**Assignment**
Among the entries below, please repeat exactly and only the lines from the line containing "福知山の観光スポット特集!おすすめグルメや紅葉の名所もご紹介!" to the line containing "Krimineller verdient mit", both lines included.

**Data listing**
--------------------
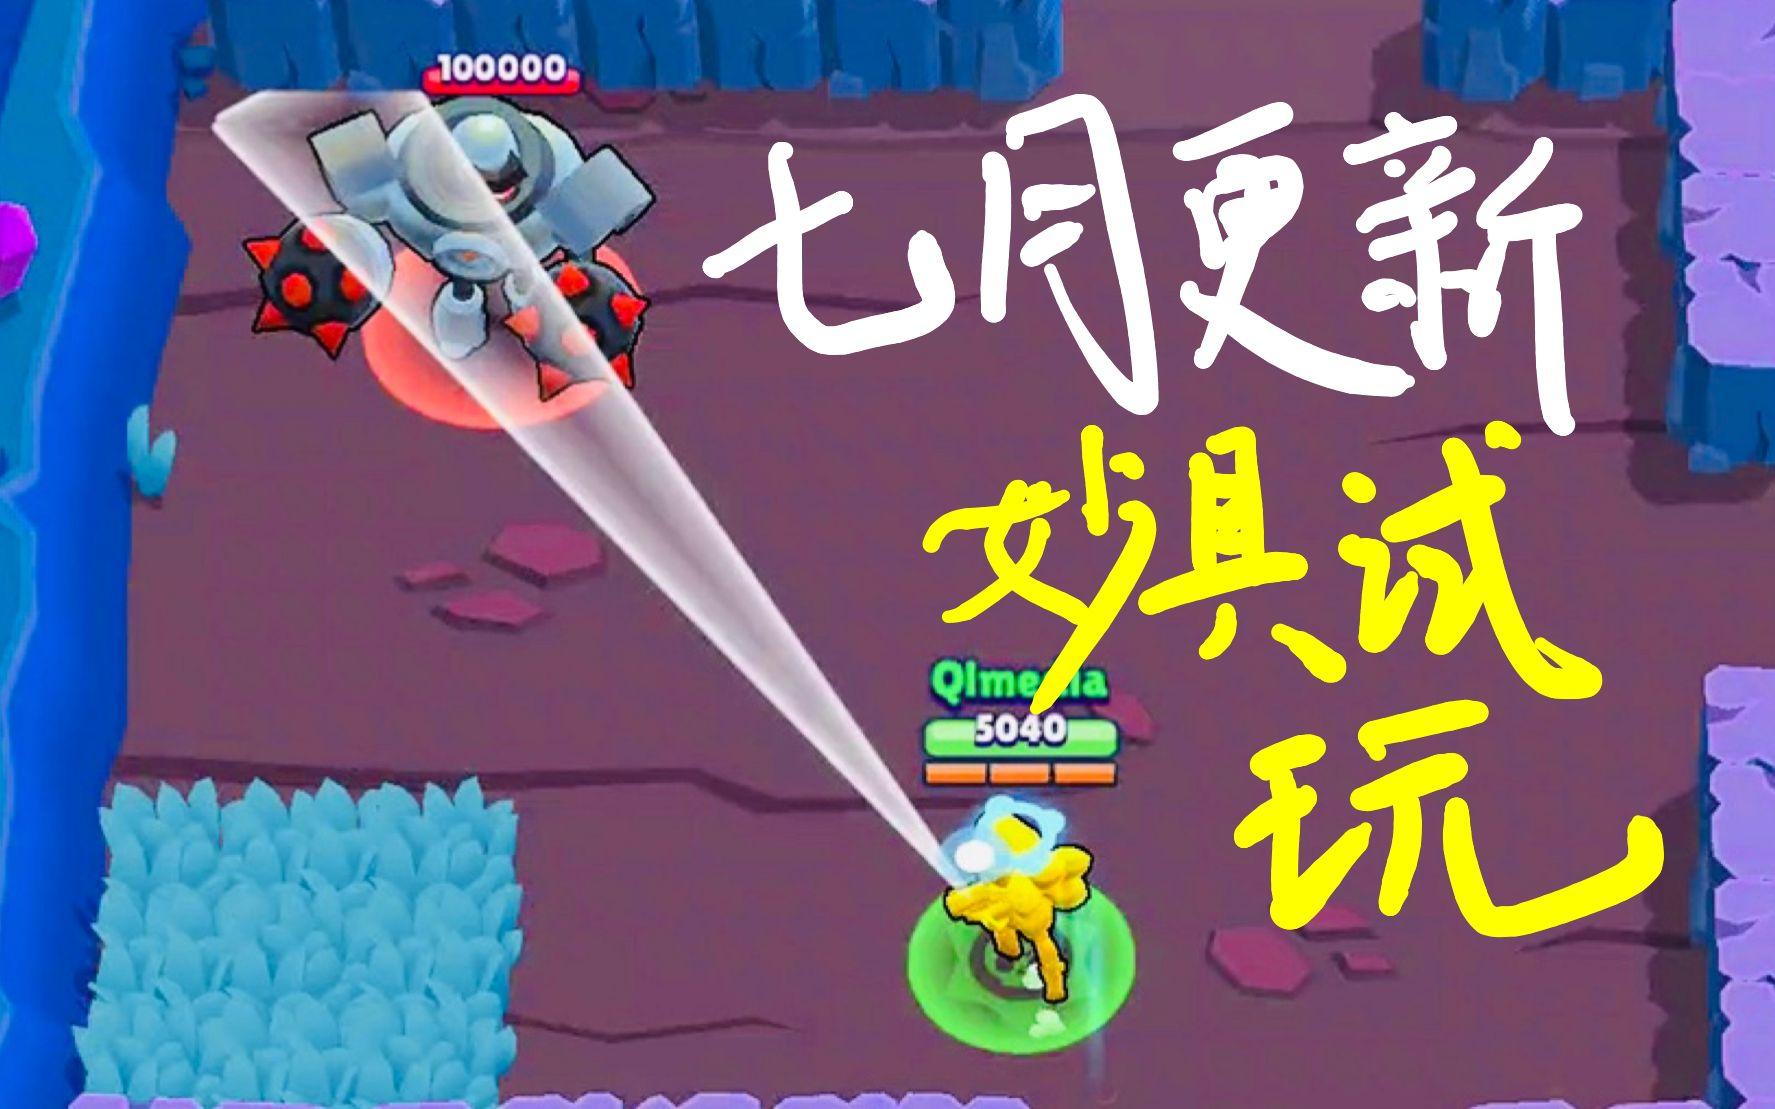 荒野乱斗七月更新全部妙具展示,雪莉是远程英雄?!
--------------------
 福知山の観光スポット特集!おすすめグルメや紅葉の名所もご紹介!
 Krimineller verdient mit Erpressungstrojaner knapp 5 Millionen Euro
--------------------
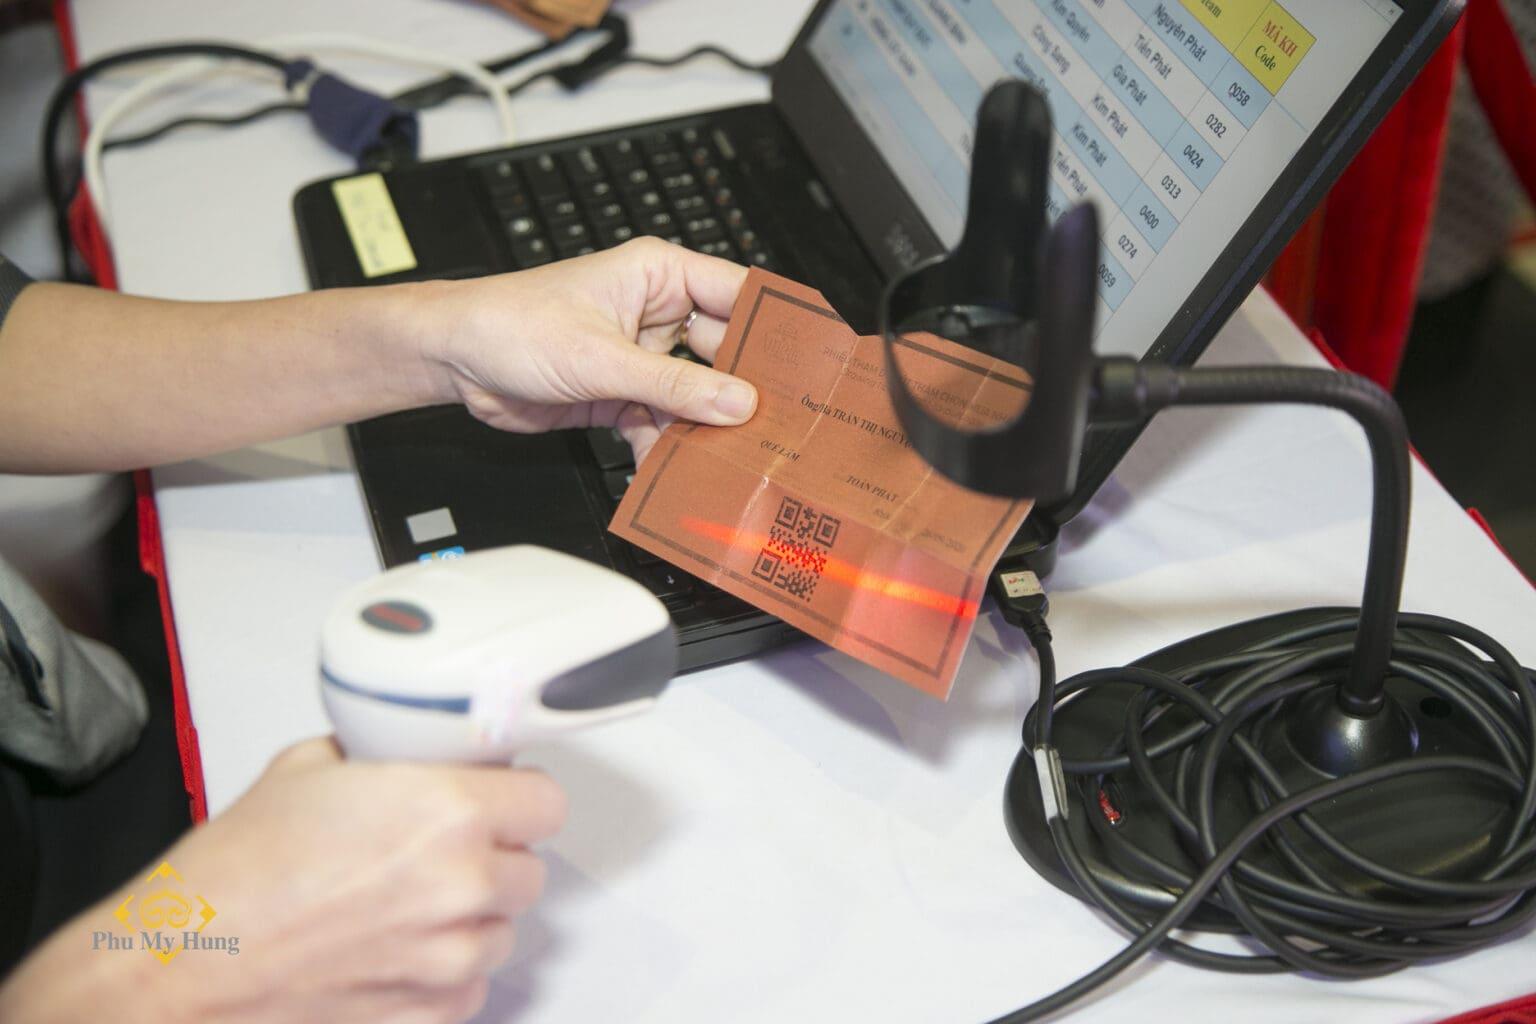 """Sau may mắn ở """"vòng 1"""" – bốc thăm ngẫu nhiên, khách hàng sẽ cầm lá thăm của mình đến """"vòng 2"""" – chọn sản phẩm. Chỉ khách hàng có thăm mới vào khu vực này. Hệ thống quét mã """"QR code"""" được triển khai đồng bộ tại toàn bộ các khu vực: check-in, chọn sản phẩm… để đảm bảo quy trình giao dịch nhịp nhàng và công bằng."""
--------------------
**Answer to this task**
 福知山の観光スポット特集!おすすめグルメや紅葉の名所もご紹介!
 Krimineller verdient mit Erpressungstrojaner knapp 5 Millionen Euro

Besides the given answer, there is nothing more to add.